I liked the first three stories in the book very much. The Afternoon of Mr.Andesmas didn’t have the same kind of impact on me. It was probably because it made me think of Samuel Beckett’s Waiting for Godot where two people wait for Godot and nothing happens on the stage and Godot doesn’t arrive till the end. My favourite out of the first three was probably the first story The Square and this is probably because I read it first. If I had read one of the other two first, they might have been my favourite. But I liked the way all three stories explored the characters’ interior worlds through conversation and dialogue and when we think that there is nothing happening in the stories – there are no events, only conversations – we realize when we reach the end of the stories that a lot has happened in the characters’ interior worlds and the characters have undergone subtle and sometimes strong changes which have transformed them in very important ways. The way Marguerite Duras brings out the intensity of emotion and feeling of her characters not by describing them but through conversations and how through this conversational window she gives us a peek into the core of her characters’ hearts is a defining feature of all the stories. I loved this aspect of the stories.

 

I will leave you with some of my favourite passages from the book. (all from The Square)

 

      “All the things you describe and the changes you notice are there for anyone to see, aren’t they? They are not things which exist for you alone, for you and for no one else?”

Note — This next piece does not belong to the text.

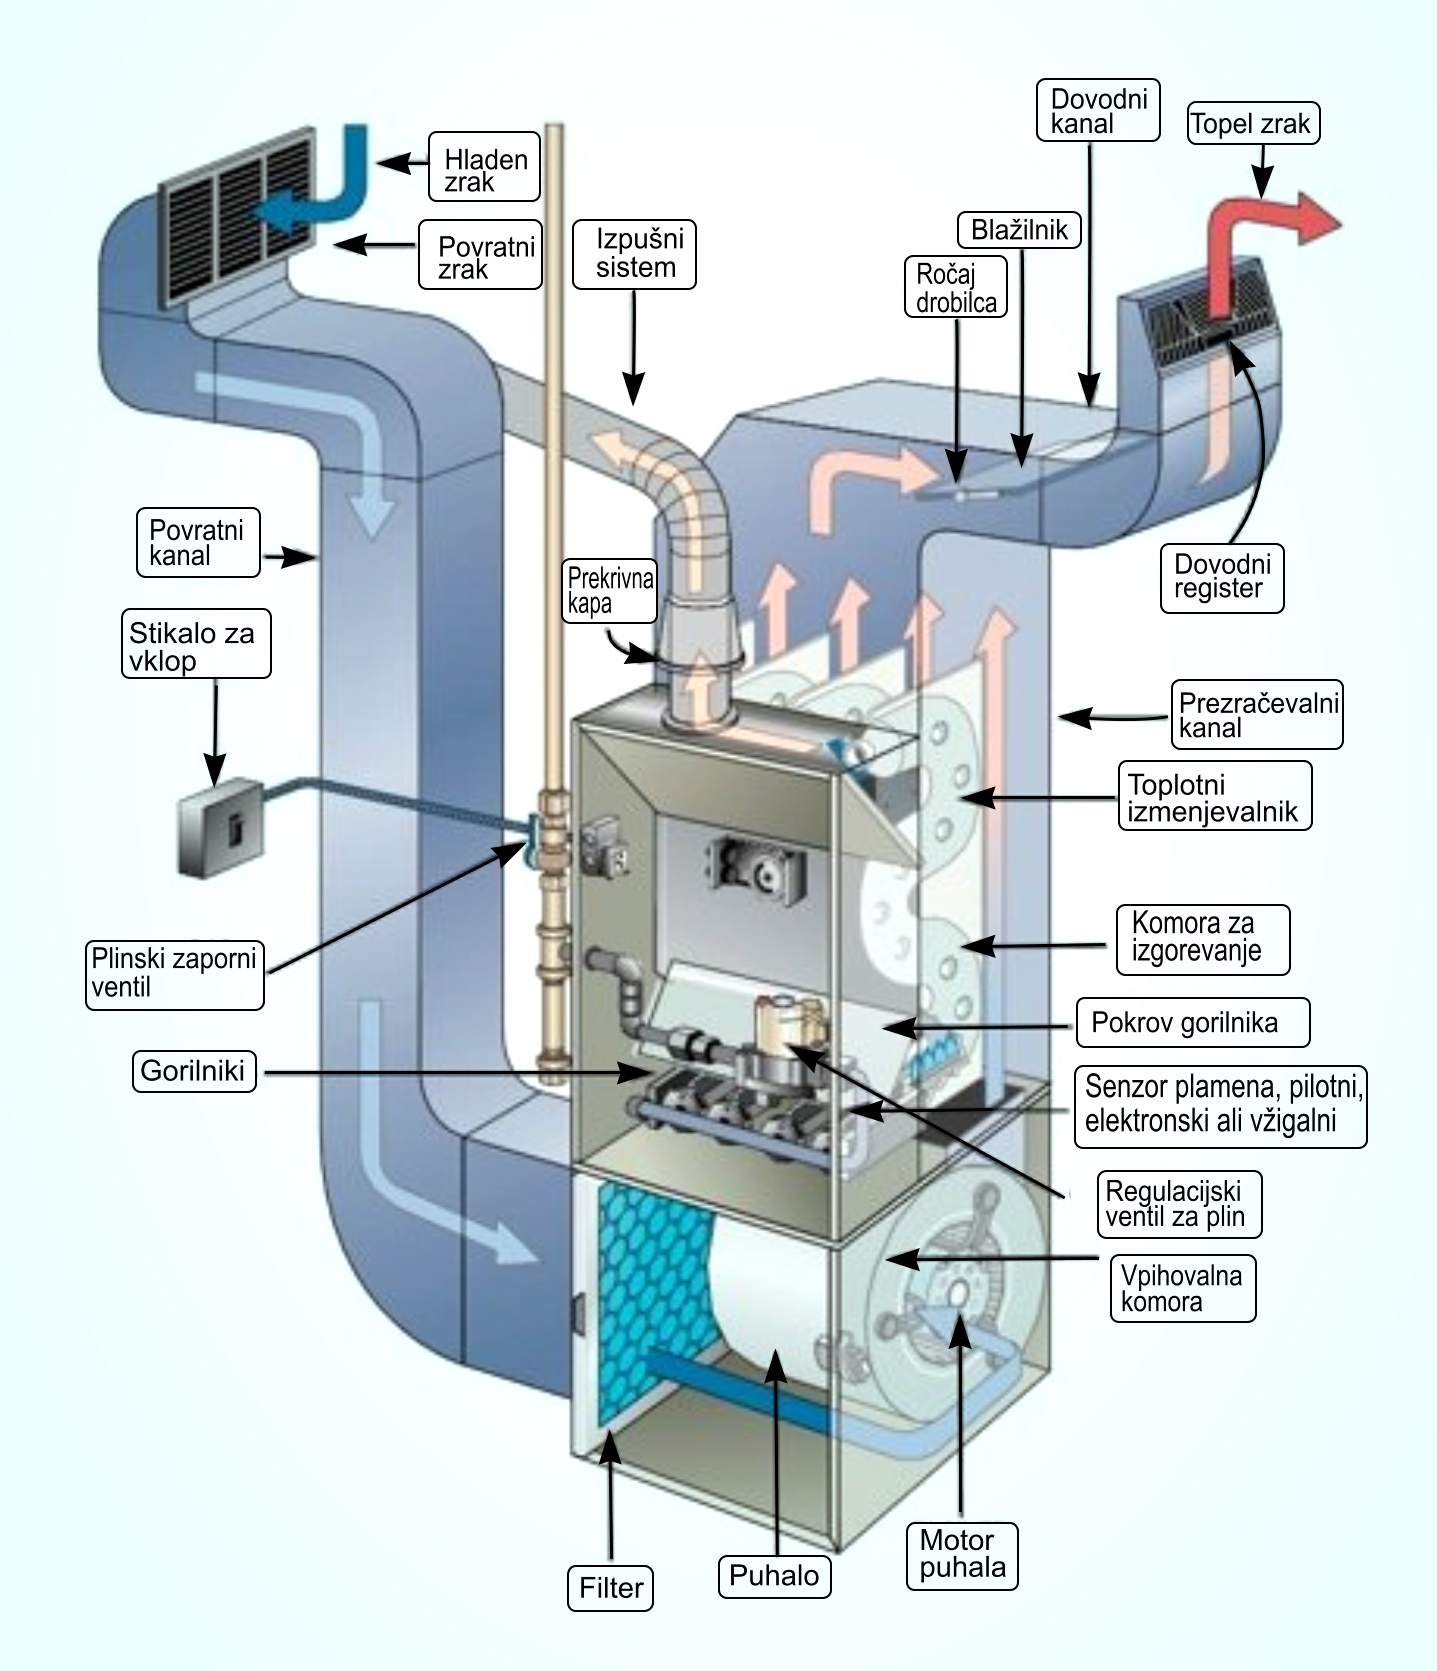 Теплый поток воздуха. Воздушное отопление схема.принцип работы. Газовый котел для подогрева воздуха в вентиляции. Heating System система отопления. Газовый теплогенератор воздушного отопления промышленный.

      “Sometimes there are things which I alone can see, but only negligible things. In general you are right : the things I notice are mostly changes in the weather, in buildings, things which anyone would notice. And yet sometimes, just by watching them carefully, such things can affect one just as much as events which are completely personal. In fact it feels as though they were personal, as if somehow one had put the cherries there oneself.”

 

      “As for the other kind of fear – the fear of thinking that no one would notice if you died – it seems to me that sometimes this can make one happier. I think that if you knew that when you died no one would suffer, not even a dog, it makes it easier to bear the thought of dying.”

 

      “Please don’t think I want to contradict you, but you must see that whatever you do, this time you are living now will count for you one day. You will look back on this desert as you describe it and discover that it was not empty at all, but full of people. You will not escape it. You think this time has not begun, and it has begun. You think you are doing nothing and in reality you are doing something. You think you are moving towards a solution and when you look round you find it’s behind you.”

 

Have you read any of these four novels or any other books by Marguerite Duras? What do you think about them?